What do people do with Claude Code

In order to understand how people use Claude Code, we group each session into one of nine working models, the single activity that best describes the session's objectives. Four of these models relate directly to code writing or maintenance: building new things, repairing damaged things, testing codes, and arranging other intelligent or automated water lines. The other category is operating software, including deployment, configuration, running flow lines and monitoring systems. There are two more types of preference for knowing what to do: understanding how an existing system works and planning changes before making changes. The last two categories are not related to codes, or codes are only auxiliary parts of the end product: analysis of data and communication through presentations and other text-based documents。

Approximately 56 per cent of the sessions consisted of code writing (25 per cent), repair (26 per cent) or test and organization (5 per cent). Operating software accounts for 17 per cent, planning or exploration for 14 per cent and analysis or writing for 13 per cent (see figure 1)。

Figure 1: Nine working models.
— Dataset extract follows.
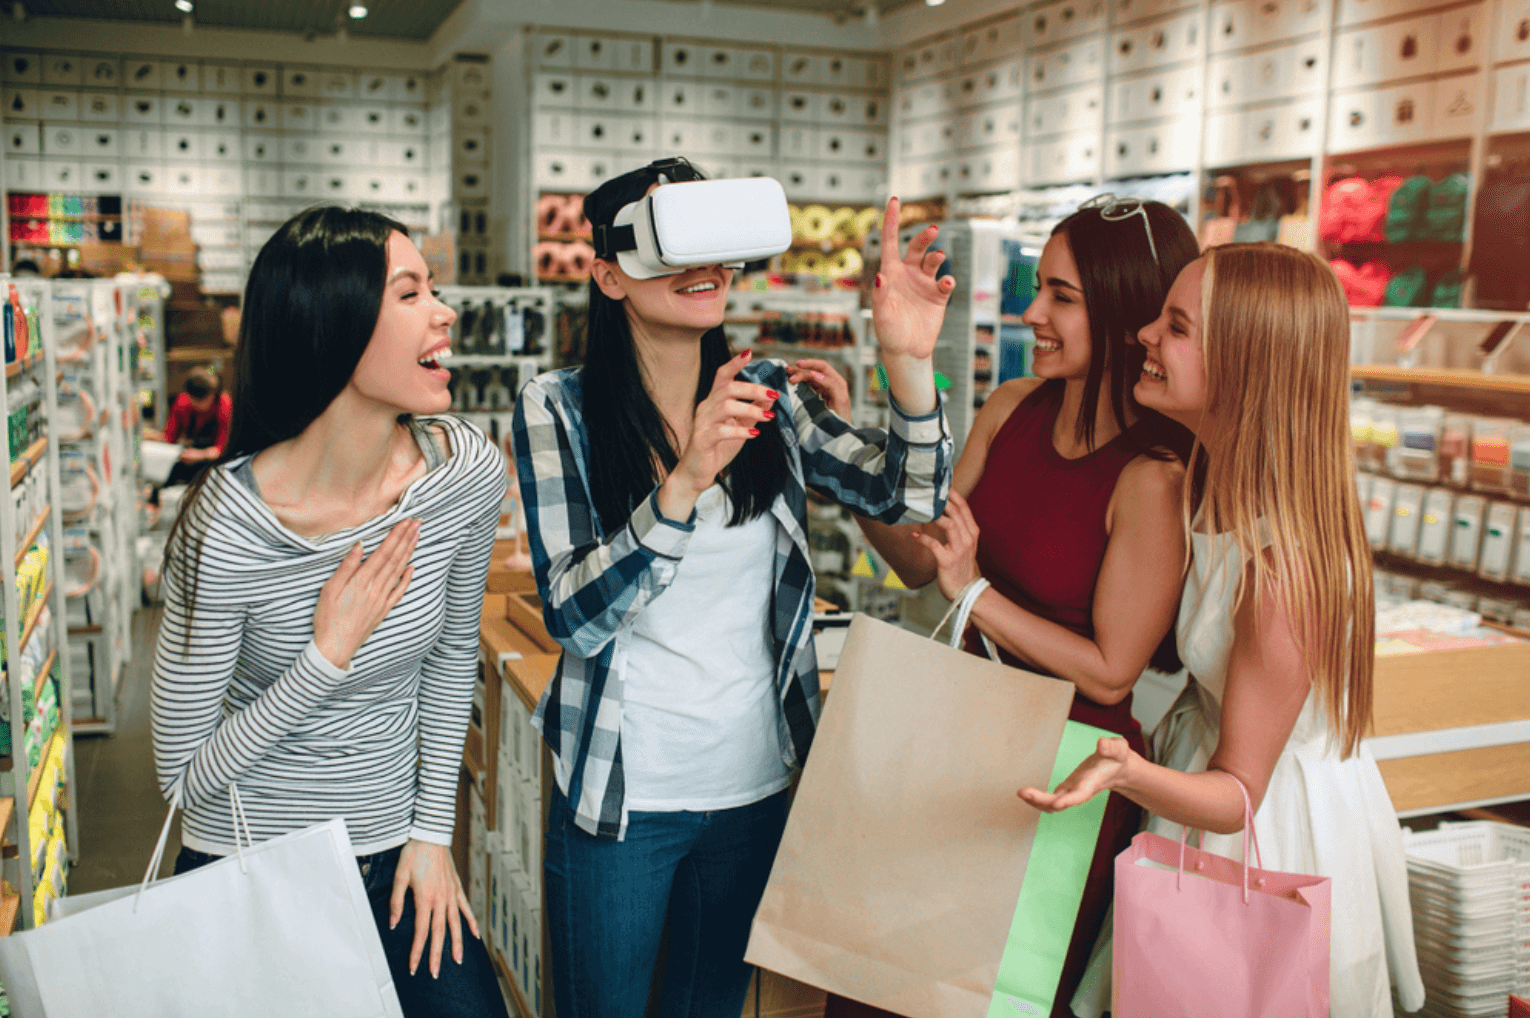 4 Major Issues of VR-Based Retail & Shopping

Each interactive session is classified as a single working model that best describes its objectives。

We will allow the model to read the session records and classify each session accordingly; then we will use our privacy protection analysis tool to cross-check the classification results with the telemetry data recorded automatically for each session, including whether code lines have been added or deleted. There is a high degree of consistency between the two sources. For example, over 90% of the sessions where our taxonomy is marked to create or modify codes also show code changes in telemetry data. See appendix for details。

Who makes the decision

How powerful is Claude Code? The capacity assessment showed that the ceiling was already high and was still rising. For example, in benchmarking tests such as the METR time horizon assessment, front-line models are now able to perform software tasks that would have required several hours of human effort and to overcome obstacles in the process. But in practice, what is the situation? Here, we're concerned about how much guidance humans and Claude each have。
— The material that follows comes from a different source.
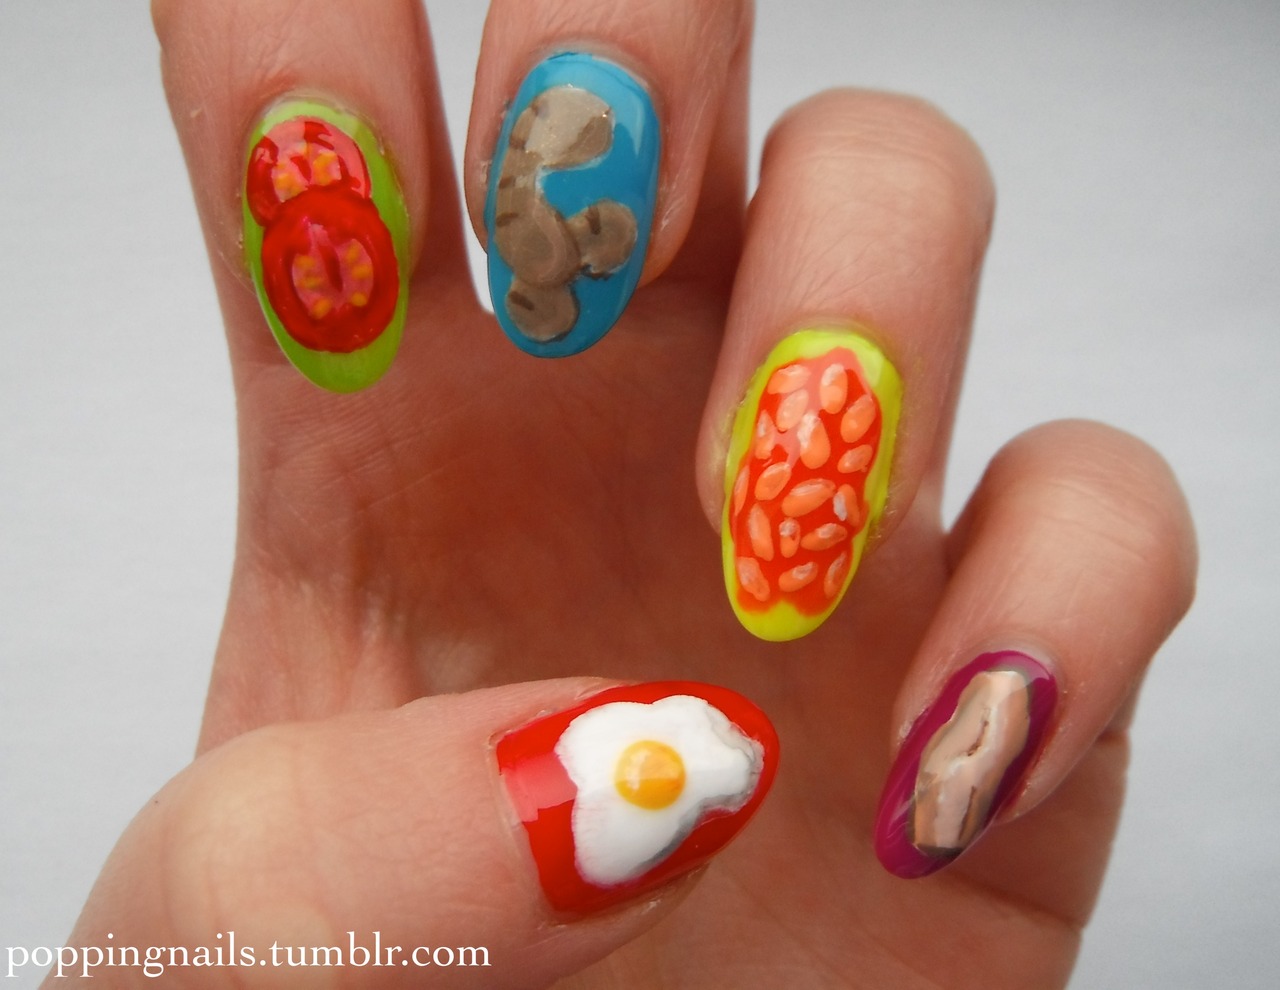 5. "Hilarious Nail Art Memes That Every Nail Lover Can Relate To" - wide 4

We look at this from two angles. First, we're concerned about the extent to which people turn their decisions over to Claude; second, we're looking at how much action they have assigned to Claude. In order to understand the division of decision-making in a session, we have constructed a decision-making subdivision for privacy protection based on the content of the session. We ask the taxonomy to list all meaningful decisions in the sessions and to divide them into planning and implementation decisions. Planning decisions include what is to be done, what is to be done, what is to be done; implementation decisions include which documents are to be modified, what codes are to be written, in which languages, and which orders are to be operated. Subsequently, the Catalogue will attribute each decision to Claude or the user and generate two figures for each session: the percentage of planning decisions taken by the user and the percentage of implementation decisions taken by the user。

On average, humans make about 70 per cent of planning decisions, but only 20 per cent of implementation decisions (see figure 2). In practical use, intelligent programming forms a clear division of labour: human beings decide what to build, and intelligent bodies decide how to build。

In order to understand the degree of delegation of action in a session, we do not look at content but at the structure of the session. Claude Code session consists of a round-and-round interaction between Claude and the user: the user sends a hint, Claude executes an action; the user then sends the next one, so. In typical sessions, such rotations are about four. In our historical data from October to April, each hint sent by a user triggers Claude on average about 10 actions, sometimes exceeding 100. In each round, Claude will read files, edit codes, run commands and output an average of 2400 words。

Claude, how much work is done between two user checks depends to a large extent on who is making decisions. When the user retains control over the execution process, i.e. when the user makes more than 80% enforcement decisions, Claude executes fewer actions per round, about 8. And when Claude took control of planning, Claude made more than 80 percent of planning decisions, it carried out the highest number of actions, about 16。

Figure 2: Claude ' s share in planning and implementing decision-making. The figure shows that in the different sessions, planning decision-making (what to do) and implementation decision-making (how to do it) is attributable to Claude rather than to the distribution of the percentage of users. In typical sessions, users make about 70% planning decisions, while Claude makes about 80% implementation decisions。

Professional level

According to each session record, Claude assesses the user's apparent professionalism on the task in a five-level scale, from freshman to expert. The professional level classifier focuses on three signals: the accuracy of the instructions given by the user, the user's requirement that Claude verify what, and whether the user corrects Claude more often, or Claude more often. It is important to note that the level of professionalism here is completely different from the concept of a post or general competence, and the key is that it is mission-specific. For the first time, a senior engineer asked questions about Rust, which may still be a beginner on the Rust mission. An accountant who has never used Python is an expert in this task if he can accurately tell Claude what reconciliation rules must be applied to a Python script and be able to capture the boundary that he misprocessed at the end of the month。

The table below shows how we define the level of specialization at all levels in the classification and gives an example request from the open coded smart body session data set SWE-chat. Dialogues classified as “new hands” give general instructions that do not reflect knowledge of specific areas; dialogues classified as “experts” convey an in-depth understanding of the code library and the technological environment。

Table 1: Professional Level Classificationr. Example: Real sessions are rewrited, anonymously and compressed, and related sessions are marked by our sorters. Many of these examples come from open smart body programming session datasets SWE-chat。

We have quantified the relationship between the level of expertise and the output and activity generated by Claude's every hint. In typical start-up sessions, each hint triggers Claude to execute about five actions and output about 600 words; in specialist sessions, the action chain lengths more than twice the former, about 12 actions, while the output volume reaches about 3200 words, five times the former (see figure 3). This gap between newcomers and experts occurs within each type of work and each mission ' s value zone。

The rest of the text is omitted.